Öğretmenlik yaşamım boyunca insanların neden öğrenmek istemediklerini, öğrenmek için niçin yeterli çabayı göstermediklerini araştırdım durdum. Oysa, bir konuda yetersiz dediğim bir öğrenci başka bir konuda harikalar yaratıyordu. Demek ki bunun öğrenme ile ilgisi yoktu, öğrenme için belirlenen hedeflerle ilgisi vardı, sonucuna ulaştım. Şimdi bana; “ÖSS’ye hazırlanan bunca öğrencinin hedefinin sınavda başarılı olmak değil mi? Neden başarısız oluyorlar?” Sorularını yönelteceksiniz. İşte sorun bu zaten. Sınavda başarılı olmayı kendilerine hedef olarak belirledikleri için başarıyı yakalayamıyorlar. Hedefi “ Bu sınav benim için bir araç, benim amacım yaşamım için başarıyı yakalamak” deselerdi hedeflerine daha kolay ulaşacaklardı. Nitekim böyle düşünen öğrencilerin ÖSS de daha başarılı olduklarını görüyoruz.
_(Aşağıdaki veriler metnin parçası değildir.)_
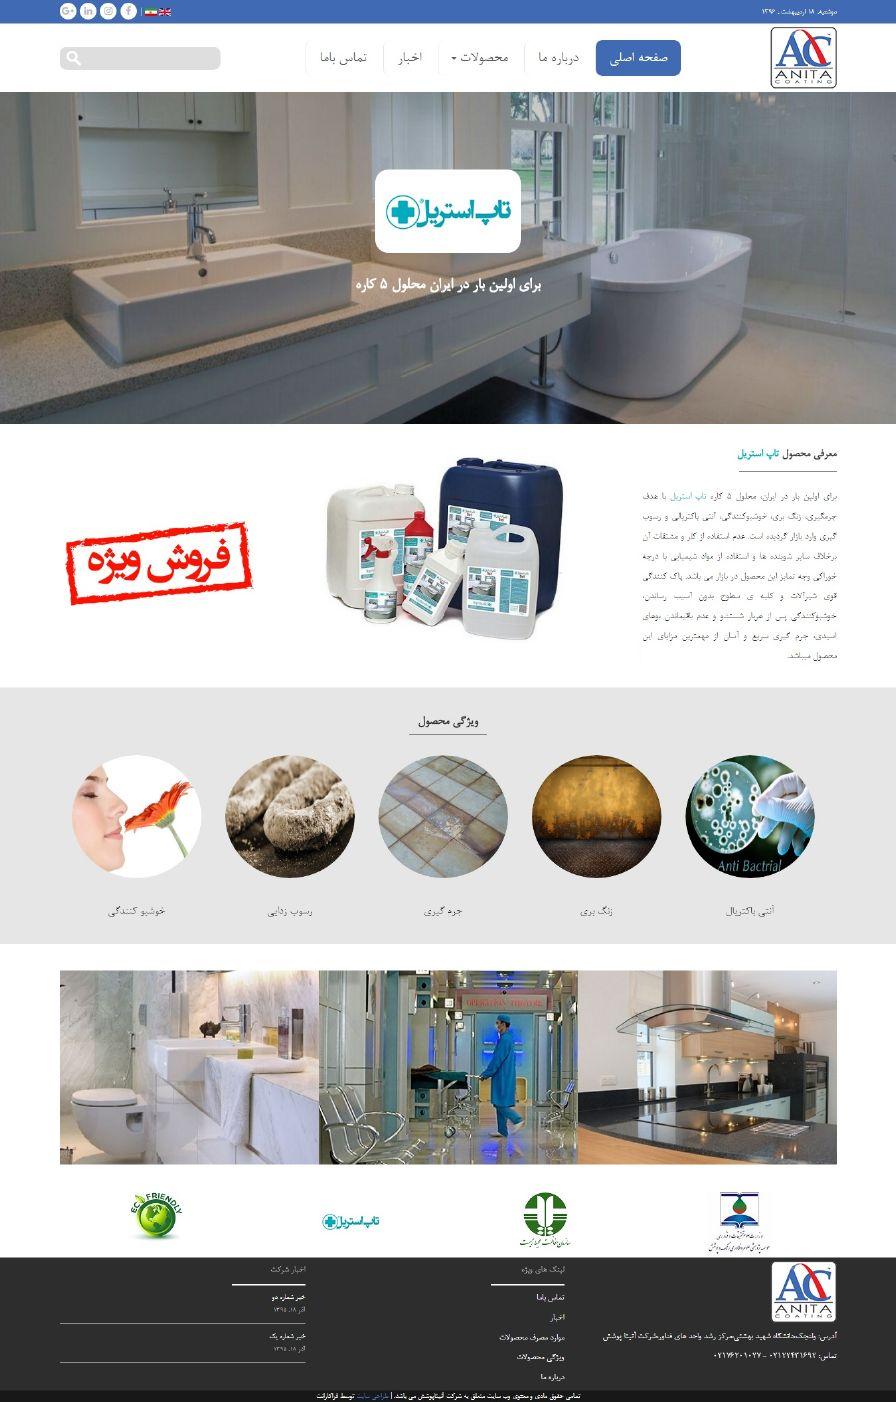 طراحی سایت شرکت آنیتا پوشش

Öğrenmenin bir hedef belirlemekle gerçekleşmesi için öğrenme hızının da ilişkisi vardır. Öğrenme zorluğu yaşadığı konularda insanların öğrenme hızı da yavaşlamaktadır. Ayrıca öğrenmenin hızının artırılması dilin iyi kullanılması ile de ilişkilidir. Bunların yanı sıra başarma güdüsü, verimli çalışma alışkanlıkları dikkat gibi nitelikler küçük yaşlarda eğitimde en büyük payı olan aile ortamında gerçekleşmelidir. Okul yaşamındaki bazı olumsuzluklar da aile ortamındaki düzeltici olanaklarla giderilebilir. Ama en önemlisi öğrencinin kendisini yetersizlik duygusuna kapılmasının önlemlerinin alınmasıdır.
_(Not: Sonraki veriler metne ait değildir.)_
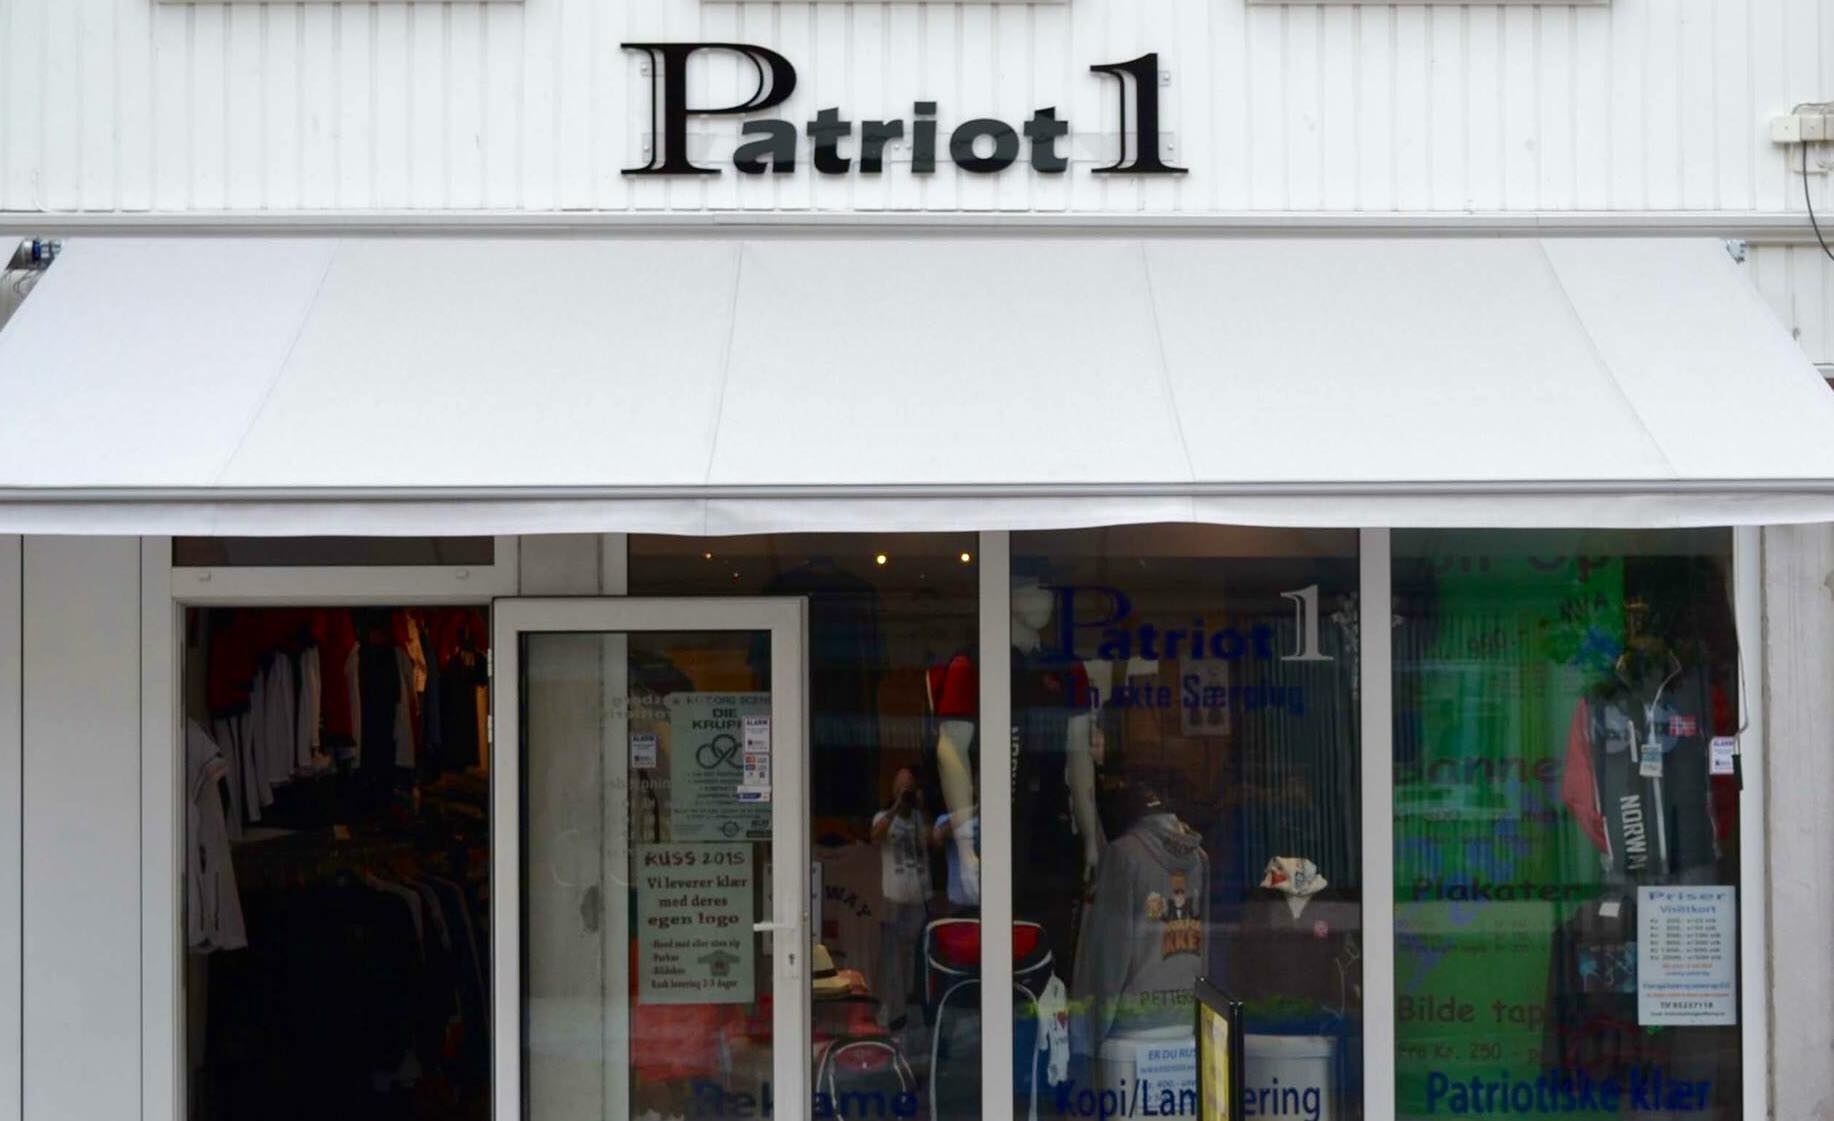 patriot1_trykk_pa_russeklaer_Sarpsborg_Norge_firmaprofilering

Acaba öğrenmeyi, okullu olmayla özdeş tuttuğumuz için yanılıyor muyuz? Yanılsak da yine öğrenmenin yolu okuldan geçer.
Oya iki yıl ana okuluna gittikten sonra artık ana okuluna gitmemesi gerektiğini düşünmeye başladı. Bu düşüncesini annesine açıkladı. “Artık ana okuluna gitmek istemiyorum. Tam üçüncü kez aynı sınıfta kalmak zorunda mıyım?” diye sordu. Annesi; “Ne yapalım öyleyse?” diye sorunca; “Fulya ve Aslı ilkokula başladılar. Onlar da benimle aynı sınıftaydılar. Benim de ilkokula gitmem gerek” dedi. Halbuki Aslı ve Fulya Oya’dan bir yaş büyüktüler. Oya’yı ikna etmek mümkün olmadı ve arkadaşlarıyla aynı ilkokula devam etmeye başladı. Fakat bir sorun vardı, okullar açılalı bir ay olmuş, Aslı ve Fulya okumaya başlamışlardı bile. Oya öyle büyük bir çaba içine girdi ki, on beş gün geceli gündüzlü çalıştı. On beş gün sonra artık o da okuyordu. Soğuk bir Kasım günü mantosunu eline almış, yakasındaki kırmızı kurdeleyi herkese göstererek okuldan eve geldi. Kendine bir hedef koymuştu ve hedefine ulaşmıştı. Arkadaşları ile arasındaki mesafeyi kapatmıştı.
Öğrenmek için mutlaka bir hedefimizin olması gerekmektedir. “ Rüzgarlar ve denizler daima en iyi denizcinin tarafındadır. Edward Gibbon.”